I agree, in theory. In practice courts will request that the decision-making process will be made public. The "we don't know" excuse won't hold; real people also need to tell the truth in court. LLMs may not lie to the court or use the chewbacca defence.
Also, I am pretty certain you CAN have AI models that explain how they originated to the decision-making process. And they can generate valid code too, so anything can be autogenerated here - in theory.
It does matter for the one who implements it.
Finding an LLM that's good enough to do the rewrite while being able to prove it wasn't exposed to the original GPL code is probably impossible.
That’s a complex question that isn’t solved yet. Clearly, regurgitating verbatim LGPL code in large chunks would be unlawful. What’s much less clear is a) how large do those chunks need to be to trigger LGPL violations? A single line? Two? A function? What if it’s trivial?
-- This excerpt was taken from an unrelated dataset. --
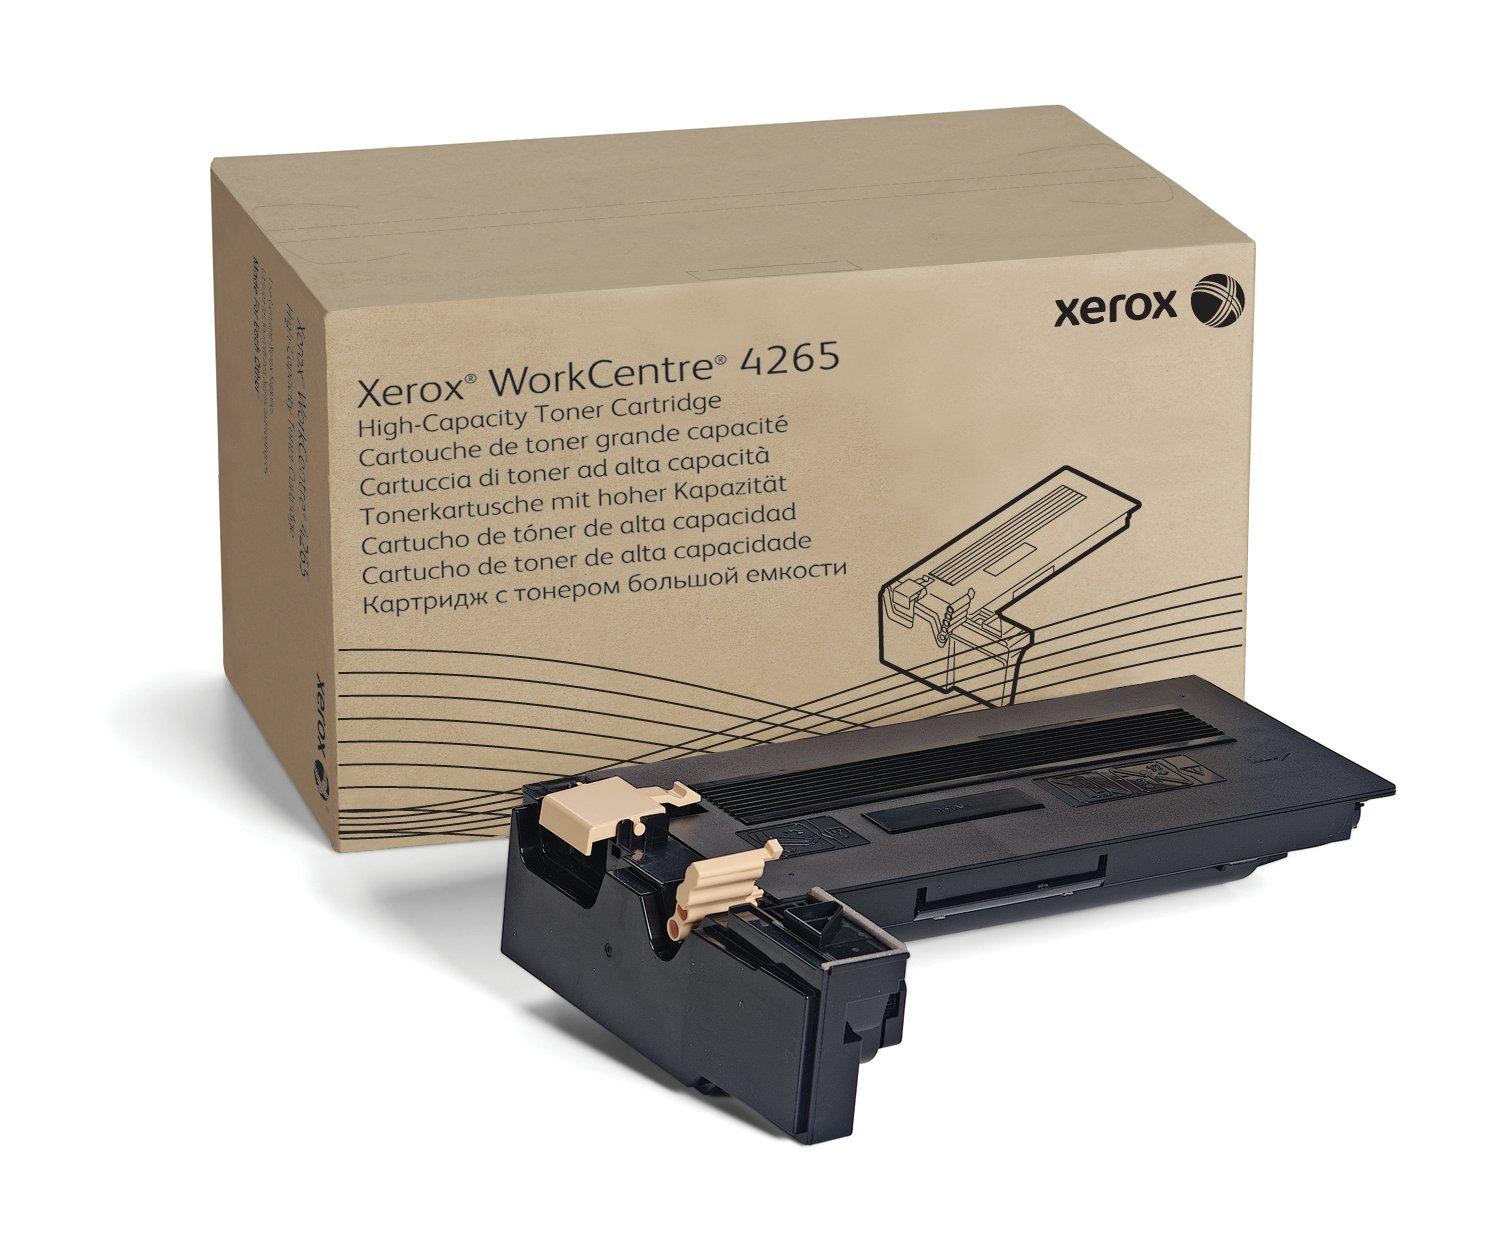 Toner Original XEROX Alta Capacidad Black para the WorkCentre 4265 106R02734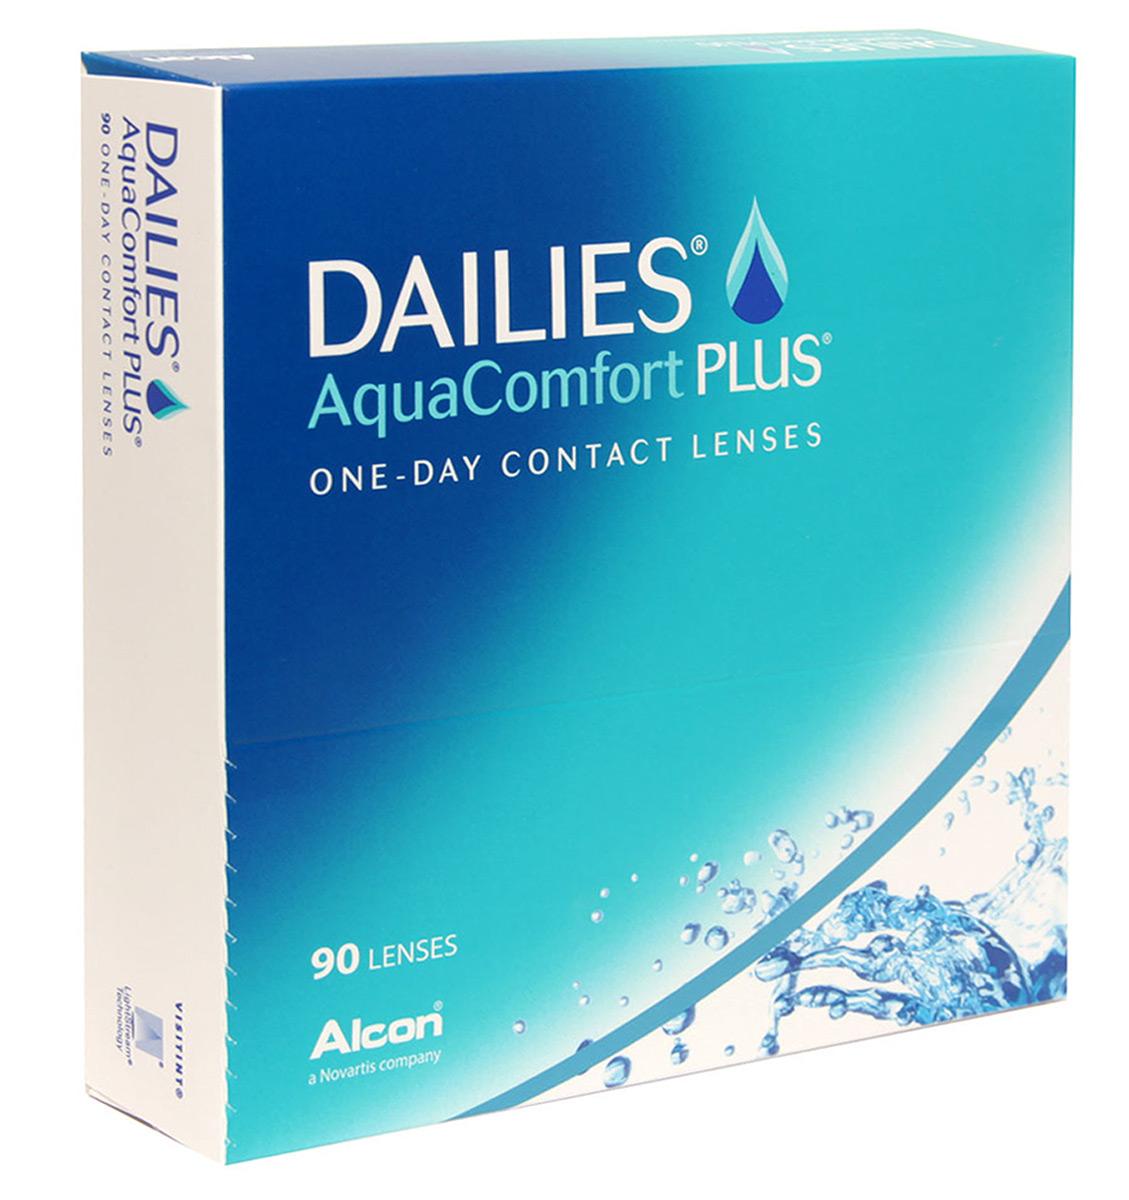 Alcon-CIBA Vision контактные линзы Dailies AquaComfort Plus (90шт / 8.7 / 14.0 / +4.75)

And b) are all outputs of a system which has received LGPL code as an input necessarily derivative?
If I learn how to code in Python exclusively from reading LGPL code, and then go away and write something new, it’s clear that I haven’t committed any violation of copyright under existing law, even if all I’m doing as a human is rearranging tokens I understand from reading LGPL code semantically to achieve new result.
It’s a trying time for software and the legal system. I don’t have the answers, but whether you like them or not, these systems are here to stay, and we need to learn how to live with them.